Sezen Aksu, yazdığı “Kibir” adlı şarkıda şunları söylüyor; “İnsan
tuhaf, ne hoyrat. Ne şaheser ve nasıl ilkel hayret.” Tamamen insanın
ikiyüzlülüğünü, bir anda muhteşem bir varlıkken nasıl ilkel bir canlıya
dönüşebildiğini gösteren bir cümle. Neticede insanın kendisi de bunu her gün
kanıtlıyor.
İnsan ikiyüzlü bir yaratık deyince, “Nereden ikiyüzlü, ne
alakası var?! Sen de insan değil misin? Neyin ikiyüzlülüğü?” gibi sorular
gelebilir akla. Ama bana göre son derece mantıklı bir tanım bu.
Bir kere insan doyumsuz; doğası gereği hep aç. Hep daha
fazlasını isteyen bir varlık. Siz hiç, “Bu kadarı yeter bana, dahasını
almayayım,” diyen insan gördünüz mü? Yok değil, var; ancak yetinemeyenlere
oranla sayıları hayli düşük. Bir şey elde ediyoruz, ya sonrası diye düşünmeden
edemiyoruz, önce elimizdekinin kıymetini bilmiyoruz, sonra ne olur ne olmaz
diye düşünene kadar elimizdekinden de olduğumuzda kaybettiğimiz şey kıymetli
oluyor. Yani insan ikiyüzlü.
Başka açılardan da ikiyüzlü insan; dün “ak” dediğine bugün “kara”
diyebilen bir yaratık. Ancak yaşamın, hayatın gerçek anlamını, manasını
çözebilmiş insanlar ezelden beri “ak” ya da “kara” diyor, onun dışında
savunduğumuz değerin anlamı bile günden güne değişebiliyorken hangimiz “ak”

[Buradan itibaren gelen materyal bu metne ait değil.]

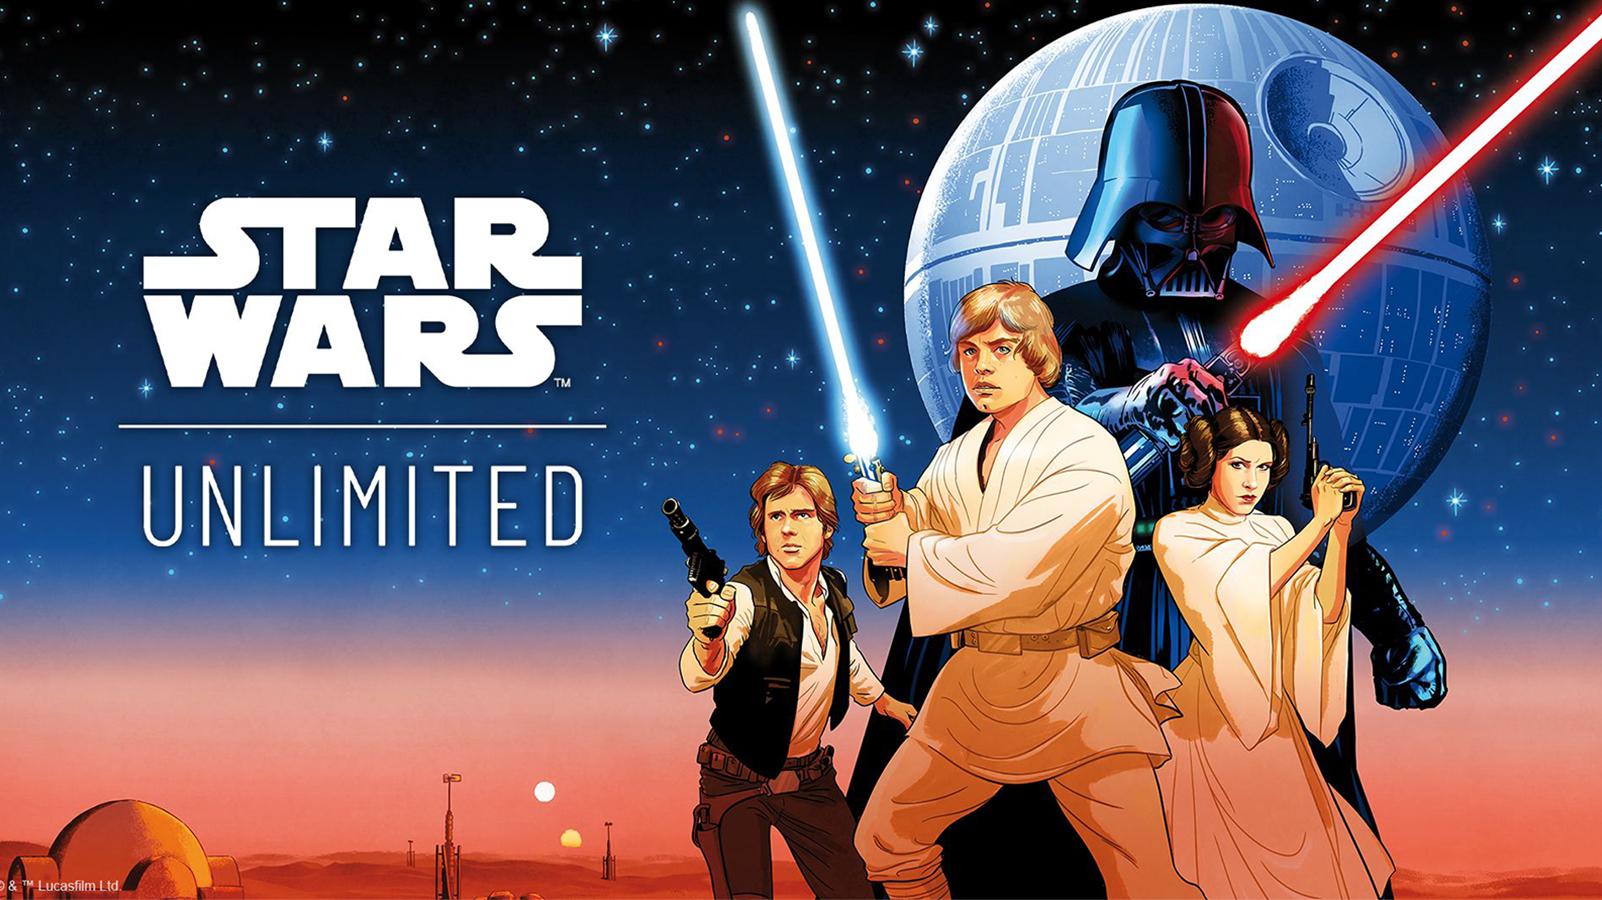 Star Wars Unlimited cover art

olana bağlı kalabiliyoruz?
Hayatın anlamını, varoluşu, yaşamı çözemediğimiz müddetçe,
insan ikiyüzlü olmaya devam edecek, reddettiğini kabul edecek (ya da kabul
ettiğini sanacak), kendi içindeki kişisel çatışmasını dışarı yansıtmayıp içinde
hoş, dışında boş olmayı, ya da tam tersini, sürdürecek.
Peki niye “yaratık”? Yaratık, “yaratılmış” anlamına gelen
canlı türü. İnsan esasında düşünebilen, karar verebilen, buna göre hareket
edebilen bir canlı; fakat gelin görün ki “alışılmadık canlıları tanımlamaya
yarayan kelime” olan yaratığa ne kadar da benziyor... Hangimiz birbirimize,
insana alışabildik ki kendimizi insan olarak nitelendirebileceğiz?
- Merhaba, ismim Can. Sizinki ne?
- Mustafa.
- Tanıştığımıza memnun oldum.
- Hmmm... Kimlerdensin sen?
- Hasımoğullarından.
- De get! Sevmem ben onları!
- Ama niye-
- Git dedim! Anlaşamayız biz seninle.
- Ama iktidar da şimdi çok şöyle böyle, hayat kaidesi,
değişen dünya düzeni filan...
- Hele öyle desene yeğenim, gel otur bir çayımı iç.
- Ama demin anlaşamıyorduk, yükselenlerimiz de tutmuyor, ne
oldu?
- Hayat işte öyle vapur, martılar vb...
İkiyüzlüyü, yalancı veya dönek olarak adlandırmak, bir insan
için, genel anlamda çok da doğru değil. Daha çok bugün dediği yarını tutmayan
olarak tanımlayabiliriz bu kelimeyi. Bunu düzeltebilmemizin veya
değiştirebilmemizin ise mümkünâtı yok, çünkü yaradılış bu, yaratığın, insanın
kendisi bu; bir yandan şaheser, öteki yandan sıradan ve ilkel olacak ki hayatta
kalasın, kendi kimliğini oluştursun, ikiyüzlü kimliğini; hem kendisi, hem kendisi olmayan. İnsan kendini tanıdığı,
anlamlandırabildiği müddetçe bu ikiyüzlülüğü dengede tutabilmeyi beceriyor, o
kadar.
İnsan mevsimler gibi bir gün güneş açarken öteki gün parçalı
bulutlu, bir sonraki gün hafif soğuk olup onu takip eden gün bahar havası
yaşarken ikiyüzlülüğünü de koruyor. On dakika önce beğendiğimiz bir şeyden bile
sıkılabiliyor, ruh halimiz değişebiliyorsa, ikiyüzlüyüz demektir.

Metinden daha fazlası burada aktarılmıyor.